欧州医薬品庁、糖尿病治療剤と膀胱がんの関連性を継続検討 武田薬品が発表
2011年6月26日 18:36
欧州医薬品庁(EMA)は欧州時間6月23日、6月20日から24日まで開催中の欧州医薬品評価委員会(CHMP)の月次会議の結果、2型糖尿病治療剤ピオグリタゾン塩酸塩(以下「ピオグリタゾン」)を含有する製剤による膀胱(ぼうこう)がんの発症リスク増加の有無について、継続検討していく旨を公表した。24日、武田薬品工業が発表した。
ピオグリタゾンと膀胱がんリスクの関連性については、フランス政府の医薬品規制当局が今月9日に問題を指摘。武田薬品工業の糖尿病治療薬「アクトス」などにピオグリタゾンが含まれていることから、同社はその使用方法について注意を呼びかけるとともに、関連性について独自に調査を進めている。
また同社によると、CHMPは、その諮問機関である「Scientific Advisory Group(SAG)」に、7月上旬の会議において、ピオグリタゾンと膀胱がんの発症リスクに関するデータおよび臨床現場における患者のリスク軽減策について検討することを要請。CHMPは、SAGの検討結果を踏まえて、7月のCHMP月次会議で最終的な意見を採択することもあわせて公表している。
欧州では、2011年3月から、CHMPが、欧州委員会(EC)規則No. 726/2004 第20条に基づき、関連する非臨床および臨床データを用いて、ピオグリタゾン投与による膀胱がんの発症リスク増加の有無について、関連する全ての有効性・安全性データ評価を行ってきた。
今回の発表を受け、武田薬品工業は、「当社は患者さんの安全性を最優先に考え、これまでと同様、ピオグリタゾンを含む全ての当社製品に関する安全性と忍容性の評価を継続するとともに、EMAならびに各国の規制当局に全てのデータを提供し、適切な対応をとっていく」とコメントしている。

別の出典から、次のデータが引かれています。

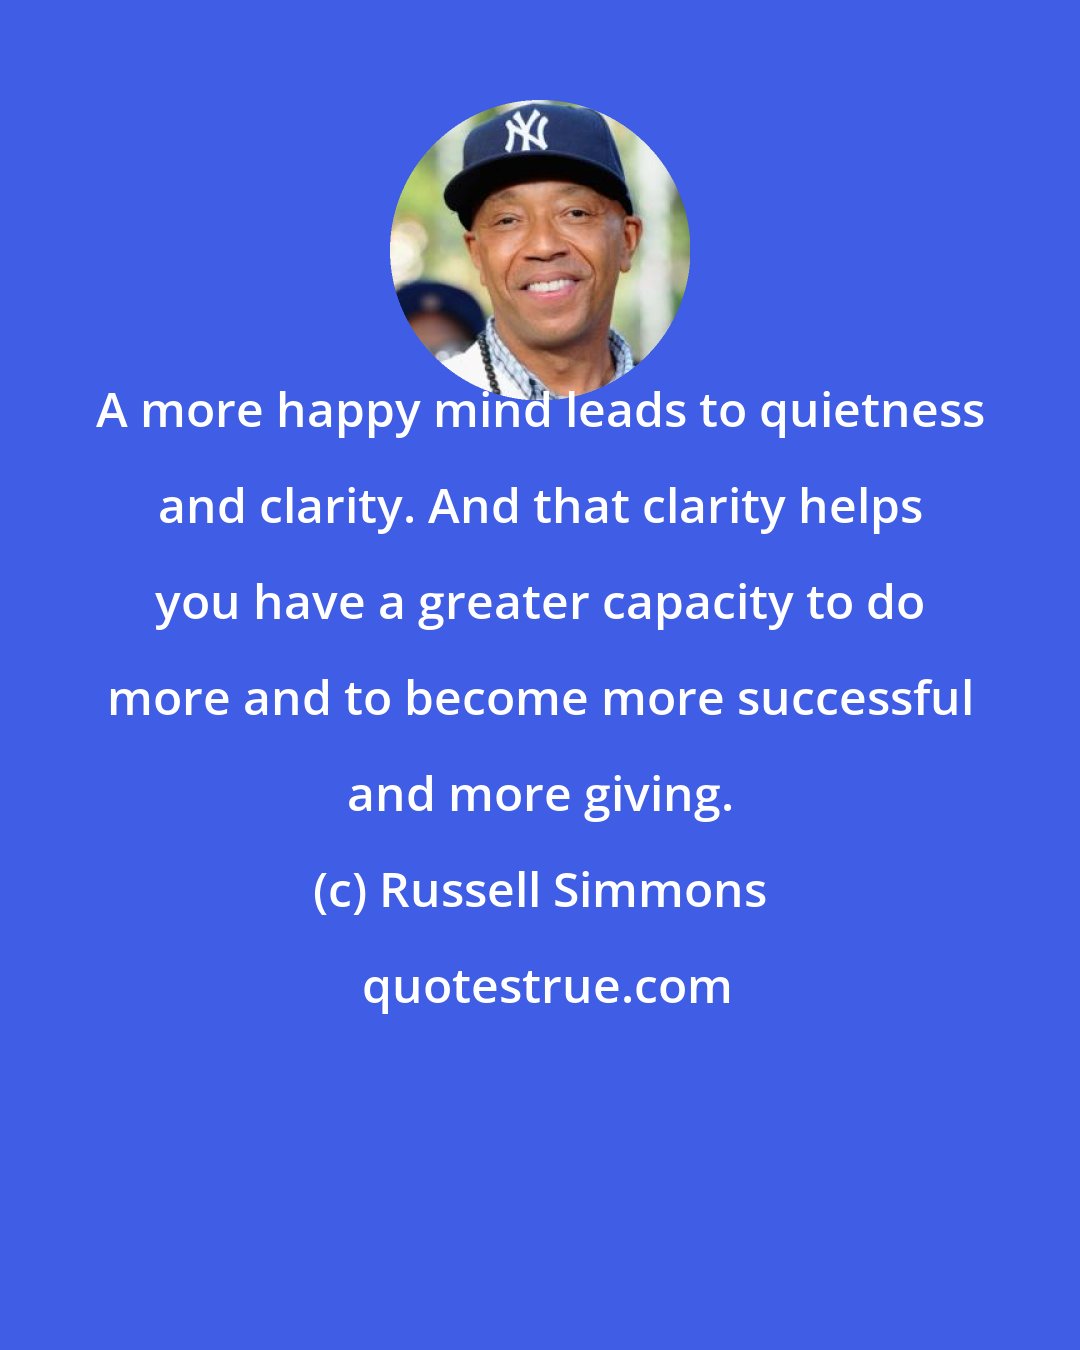 Russell Simmons: A more happy mind leads to quietness and clarity. And that clarity helps you have a greater capacity to do more and to become more successful and more giving.

一方、同社によると、同社が支援している米国でのKaiser Permanente医療保険グループ(KPNC)とペンシルベニア大学による、2002年から10年間の疫学調査の中間解析結果では、主要評価項目である全体解析で、ピオグリタゾン投与と膀胱がんの発症率に統計学的に有意な関連性は認められなかったが、副次評価項目では、24ヶ月以上ピオグリタゾンを投与した場合、膀胱がんの発症率が若干増加することが示されたという。
その中間解析結果は、2011年4月号のDiabetes Careに掲載され、各国の規制当局に既に報告しているという。調査は、2012年末まで継続され、その後、最終結果が報告される予定。また、欧州では、大規模臨床試験PROactiveに参加していた患者を対象として、長期投与時の観察試験(EC455 PROactive extension trial)も実施しており、2015年に最終結果が判明する予定。
なお、日本においては、ピオグリタゾンを含有する製品(製品名:アクトス錠、ソニアス配合錠、メタクト配合錠)の添付文書中の膀胱がんに関する「使用上の注意」の一部改訂を予定しているという。米国においても、同製剤の添付文書の一部改訂についてアメリカ食品医薬品局(FDA)と協議中だという。